Several well regarded institutions of medical research have produced clinical criteria useful in diagnosing TTS. One of the first sets of guidelines was initially published in 2004 and again in 2008 by the Mayo Clinic. Other research institutions proposing diagnostic criteria include the Japanese Takotsubo Cardiomyopathy Study Group, Gothenburg University, Johns Hopkins University, the Takotsubo Italian Network and the Heart Failure Associates TTS Taskforce of the European Society of Cardiology. All of the research institutions agree on at least two main criteria needed to accurately diagnose TTS: 1) transient left ventricular wall motion abnormality and 2) the absence of a condition obviously explaining this wall motion abnormality (coronary artery lesion, hypoperfusion, myocarditis, toxicity, etc.). Other commonly acknowledged criteria necessary for diagnosis include characteristic EKG changes and mild to modest elevation in cardiac troponin.
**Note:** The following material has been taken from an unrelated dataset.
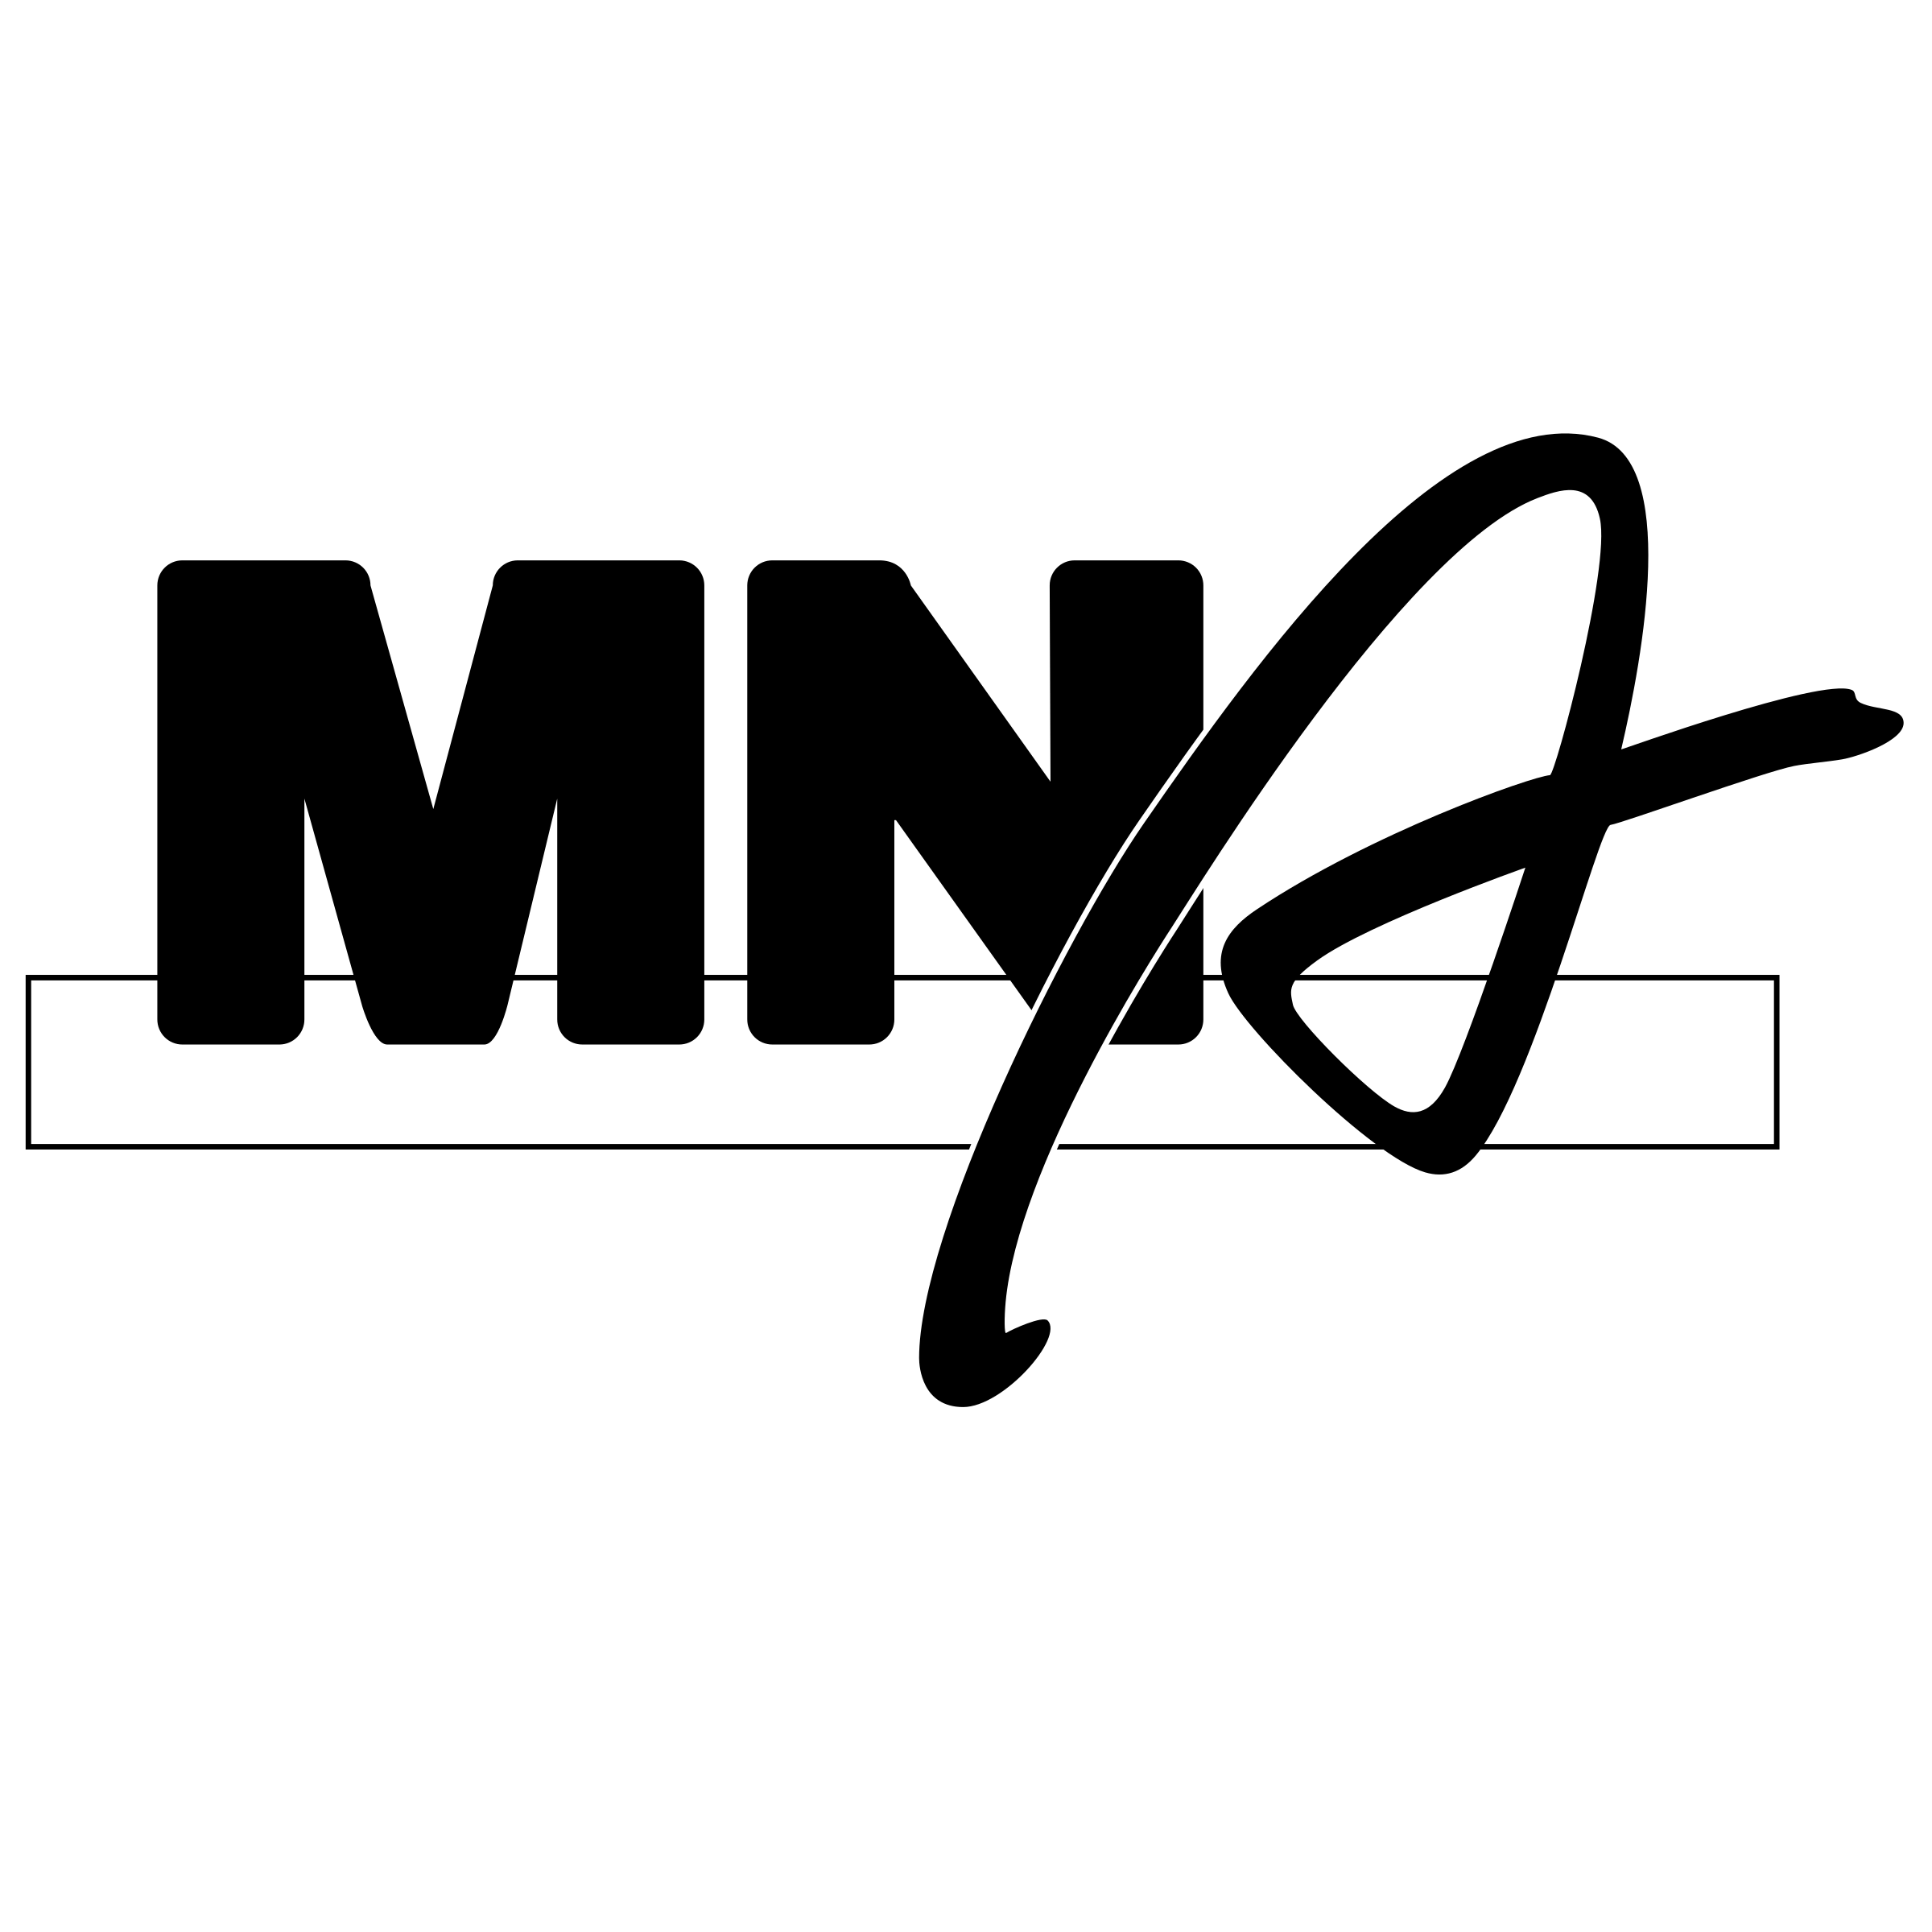 MNA Logo - MNA Logo PNG Transparent & SVG Vector - Freebie Supply

Transient apical ballooning syndrome or takotsubo cardiomyopathy is found in 1.7–2.2% of patients presenting with acute coronary syndrome. While the original case studies reported on individuals in Japan, takotsubo cardiomyopathy has been noted more recently in the United States and Western Europe. It is likely that the syndrome previously went undiagnosed before it was described in detail in the Japanese literature. Evaluation of individuals with takotsubo cardiomyopathy typically includes a coronary angiogram to rule out occlusion of the left anterior descending artery, which will not reveal any significant blockages that would cause the left ventricular dysfunction. Provided that the individual survives their initial presentation, the left ventricular function improves within two months.
The diagnosis of takotsubo cardiomyopathy may be difficult upon presentation. The ECG findings often are confused with those found during an acute anterior wall myocardial infarction. It classically mimics ST-segment elevation myocardial infarction, and is characterised by acute onset of transient ventricular apical wall motion abnormalities (ballooning) accompanied by chest pain, shortness of breath, ST-segment elevation, T-wave inversion or QT-interval prolongation on ECG. Cardiac enzymes are usually negative and are moderate at worst, and cardiac catheterization usually shows absence of significant coronary artery disease.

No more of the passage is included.